Word for word, give the data again without its pictures.

___ Collected material ___

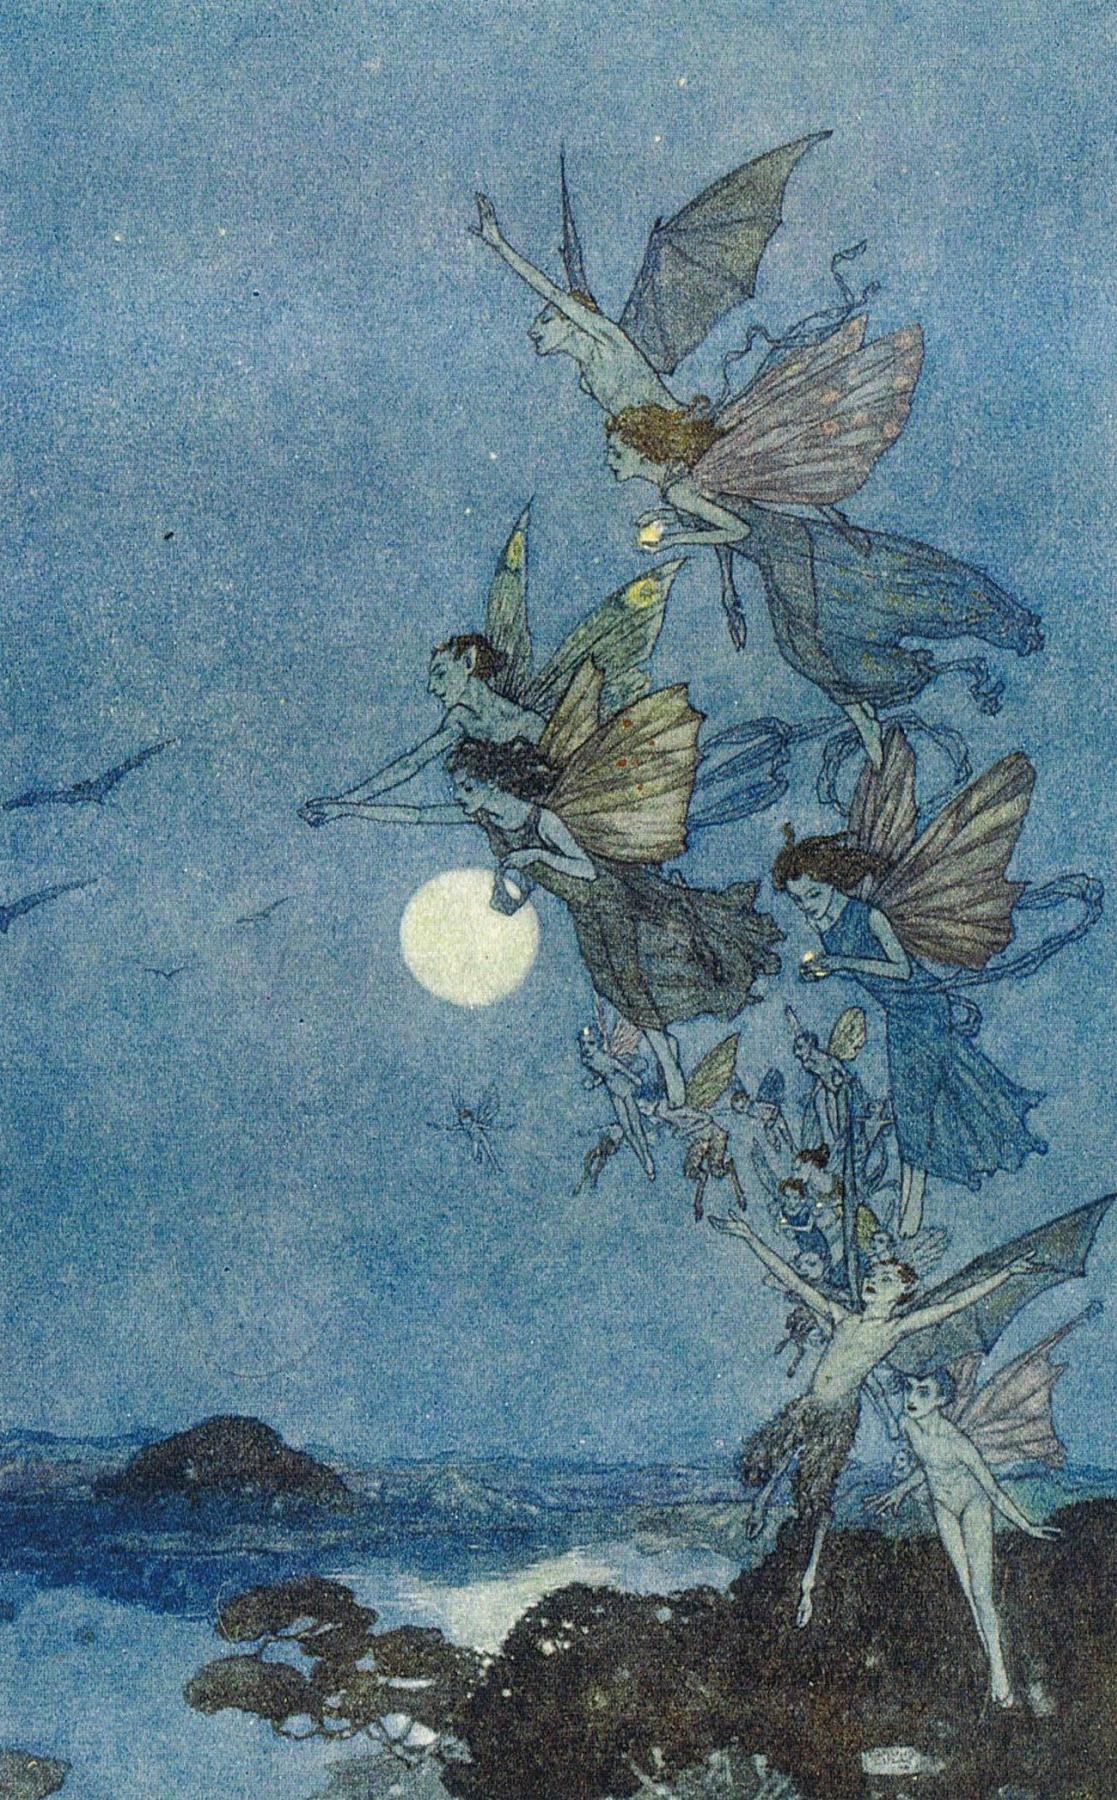 Эдмунд Дюлак. Маленькие феи
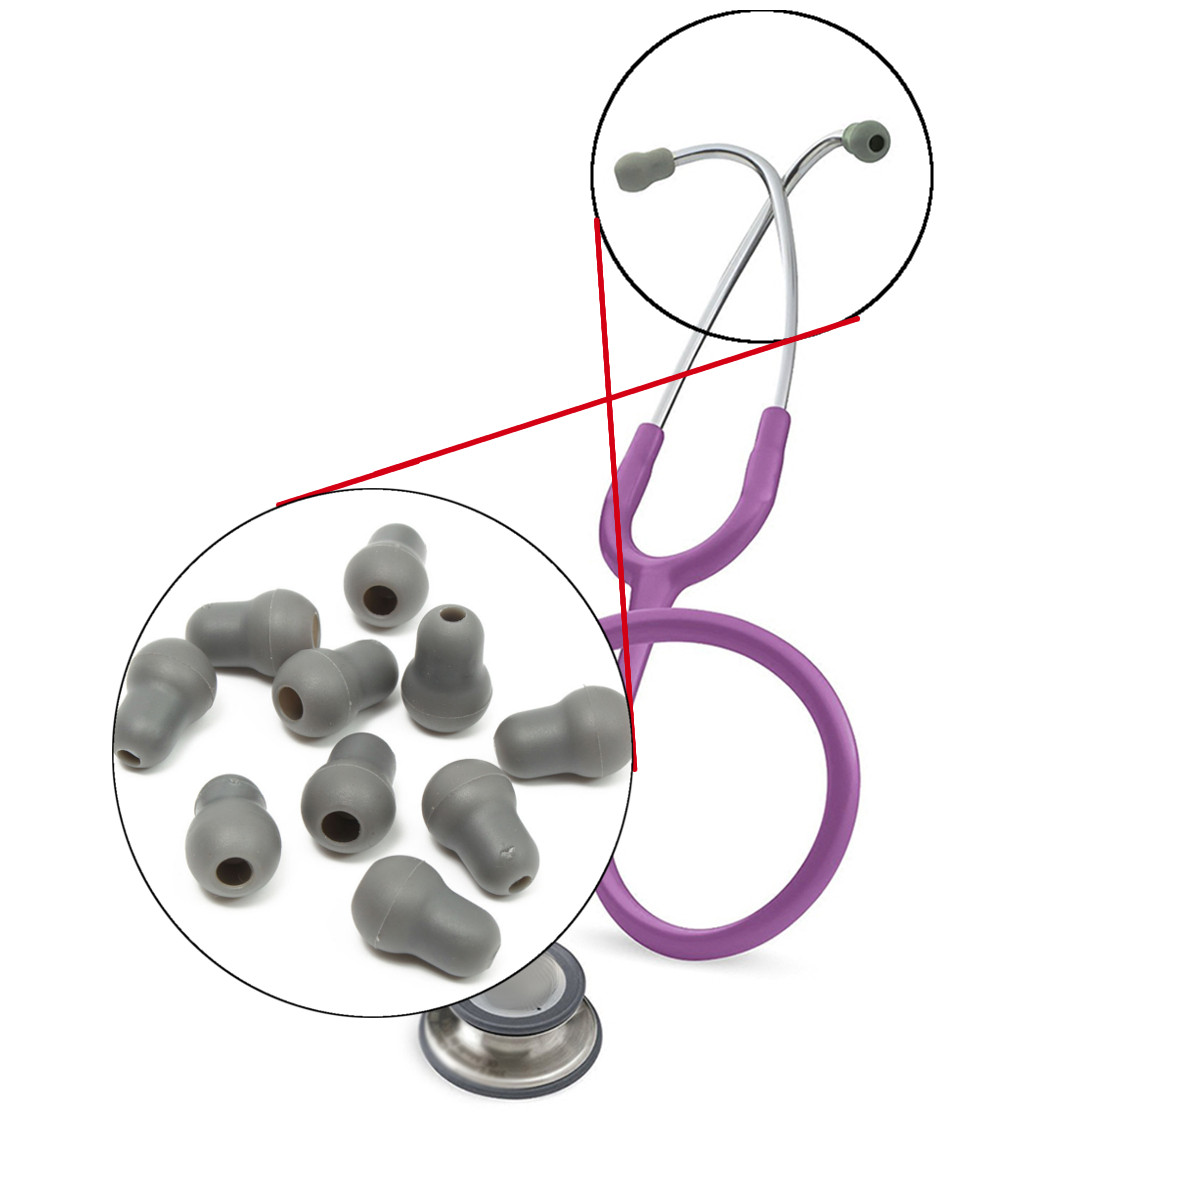 10pcs-super-comfortable-and-soft-stethoscope-earplug-eartips-earpieces-for-littmann-stethoscope
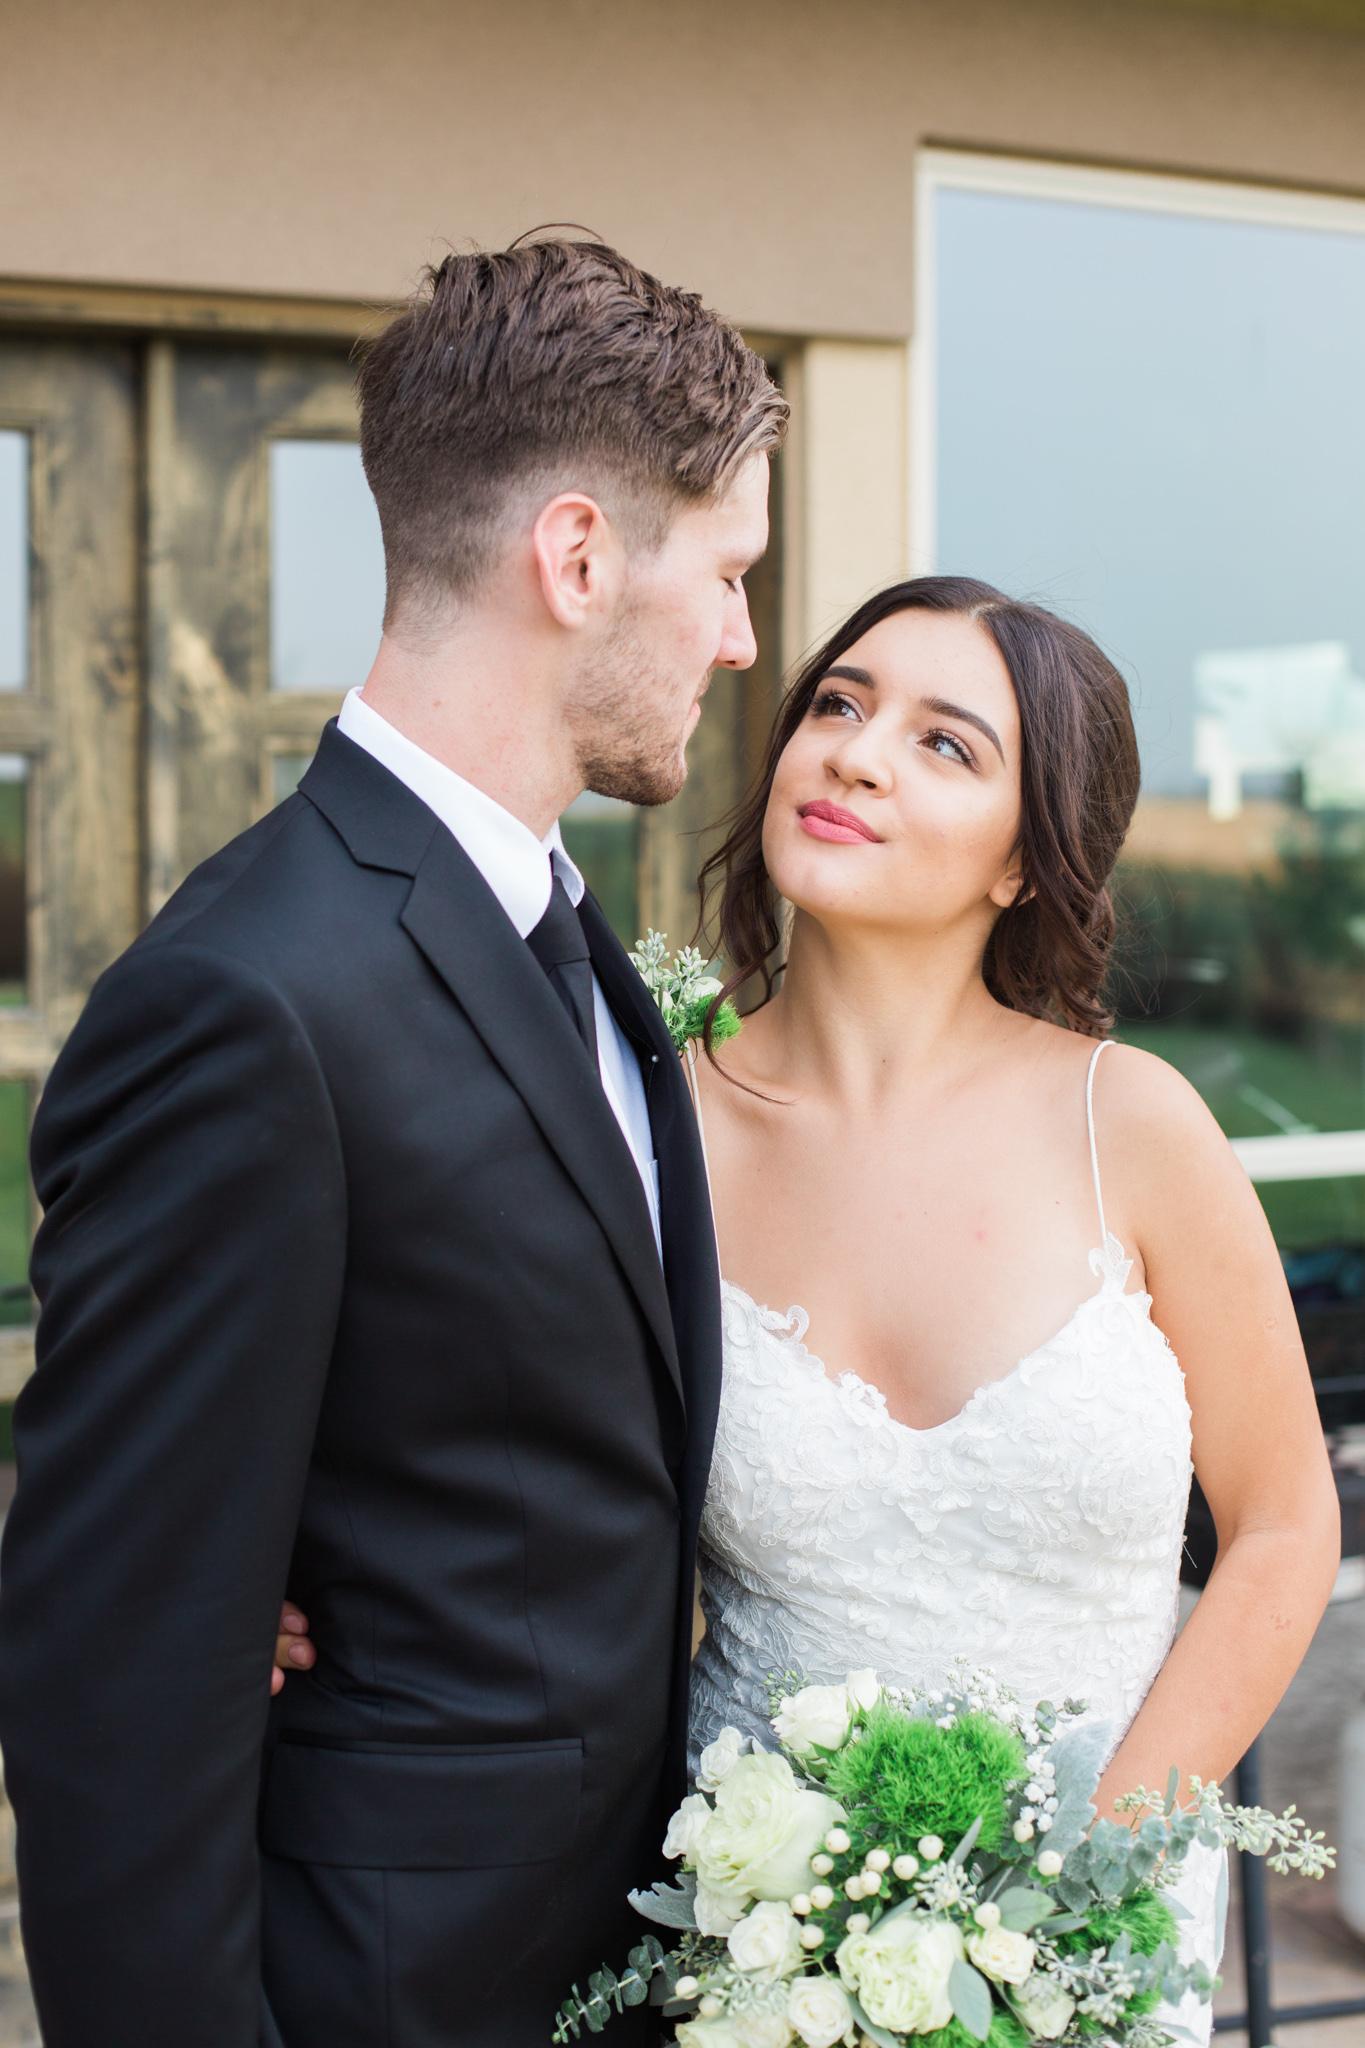 Olga_janni_wedding_090917_WEBSIZE (197 of 704).JPG
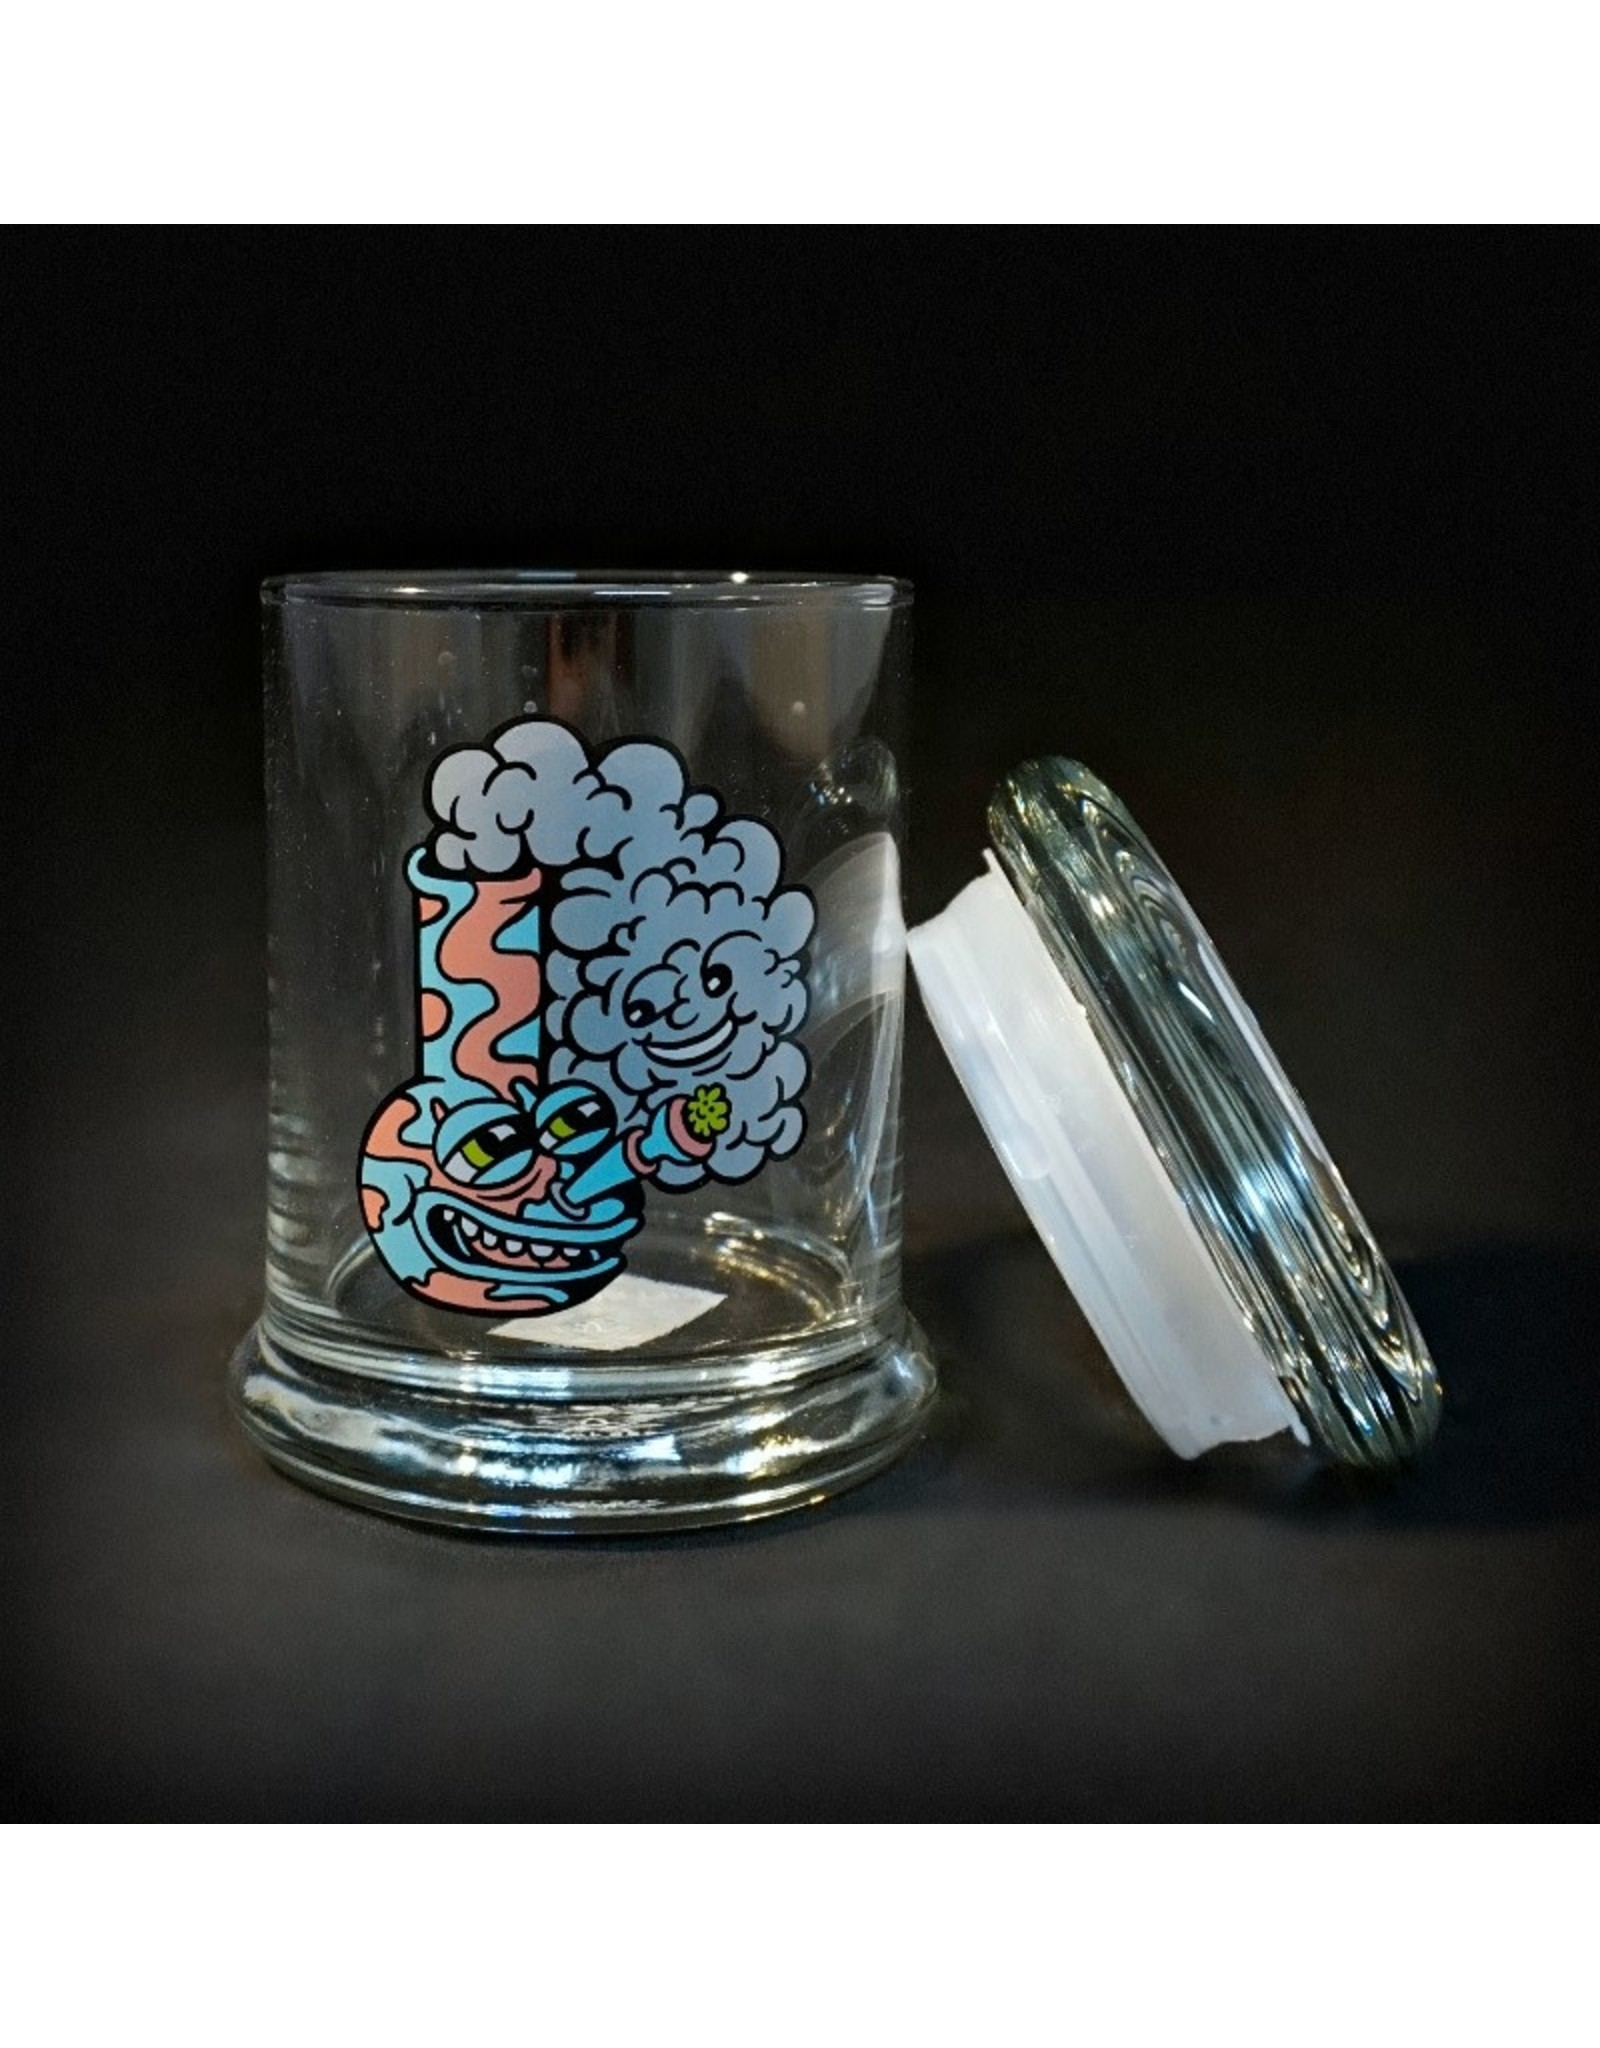 420 Science 420 Science Jars Medium Happy Bong Pop Top

___

Response below:
 Эдмунд Дюлак. Маленькие феи
 10pcs-super-comfortable-and-soft-stethoscope-earplug-eartips-earpieces-for-littmann-stethoscope
 Olga_janni_wedding_090917_WEBSIZE (197 of 704).JPG
 420 Science 420 Science Jars Medium Happy Bong Pop Top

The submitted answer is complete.